Over the past two decades, China has rapidly increased its
spending on its public pension programs, to the point that pension
funding is one of the government's largest expenditures. Despite
this, only about fifty million citizens one-third of the country's
population above the age of sixty receive pensions. Combined with
the growing and increasingly violent unrest over inequalities
brought about by China's reform model, the escalating costs of an
aging society have brought the Chinese political leadership to a
critical juncture in its economic and social policies.
In Socialist Insecurity, Mark W. Frazier explores pension policy
in the People's Republic of China, arguing that the government's
push to expand pension and health insurance coverage to urban
residents and rural migrants has not reduced, but rather
reproduced, economic inequalities. He explains this apparent
paradox by analyzing the decisions of the political actors
responsible for pension reform: urban officials and state-owned
enterprise managers. Frazier shows that China's highly
decentralized pension administration both encourages the "grabbing
hand" of local officials to collect large amounts of pension and
other social insurance revenue and compels redistribution of these
revenues to urban pensioners, a crucial political constituency.

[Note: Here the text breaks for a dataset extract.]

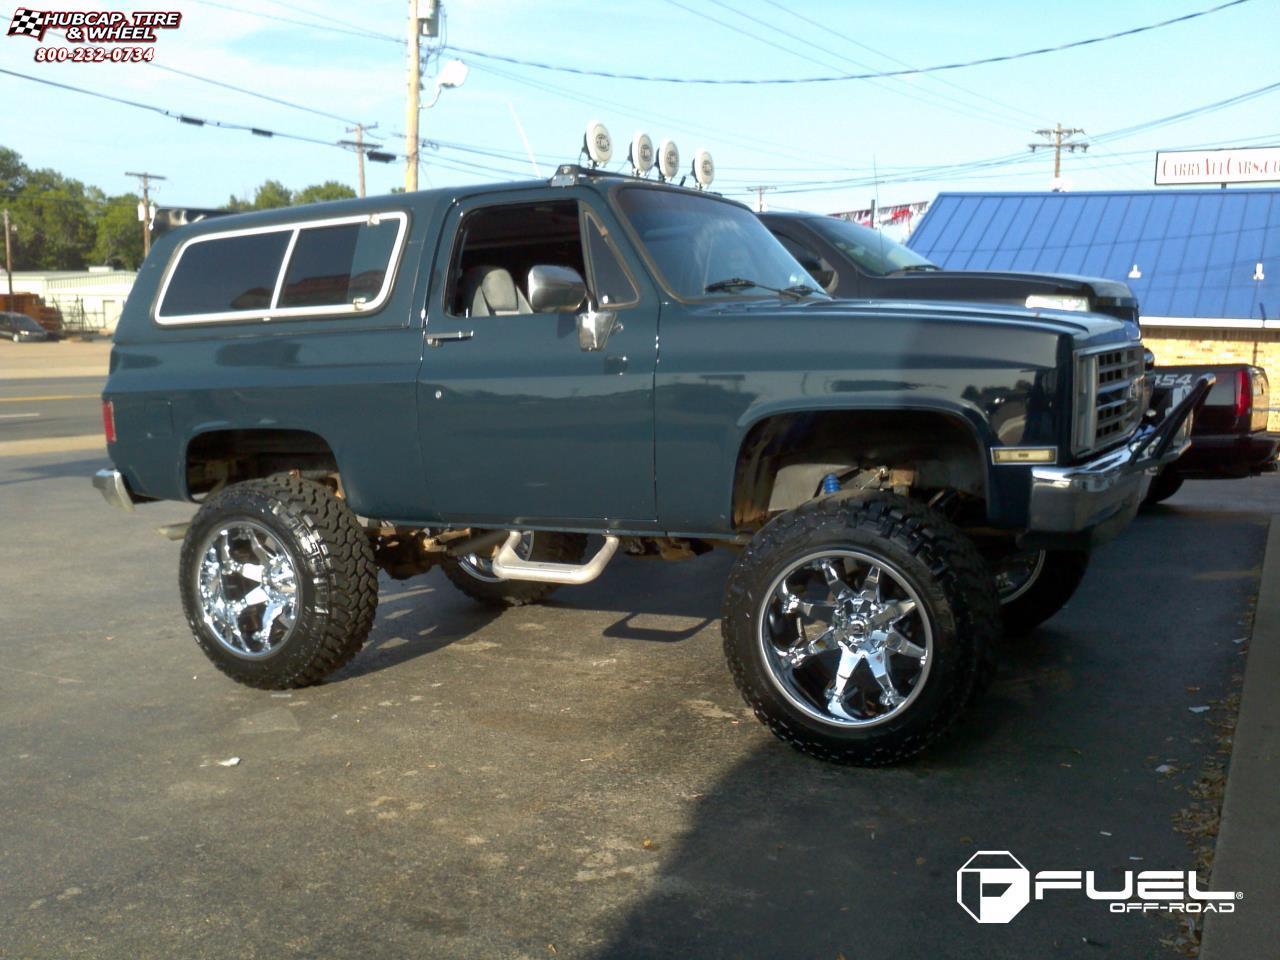 Chevrolet Blazer Fuel Octane D508 Wheels Chrome

More broadly, Socialist Insecurity shows that the inequalities
of welfare policy put China in the same quandary as other large
uneven developers countries that have succeeded in achieving rapid
growth but with growing economic inequalities. While most
explanations of the formation and expansion of welfare states are
derived from experience in today's mature welfare systems,
developing countries such as China, Frazier argues, provide new
terrain to explore how welfare programs evolve, who drives the
process, and who sees the greatest benefit."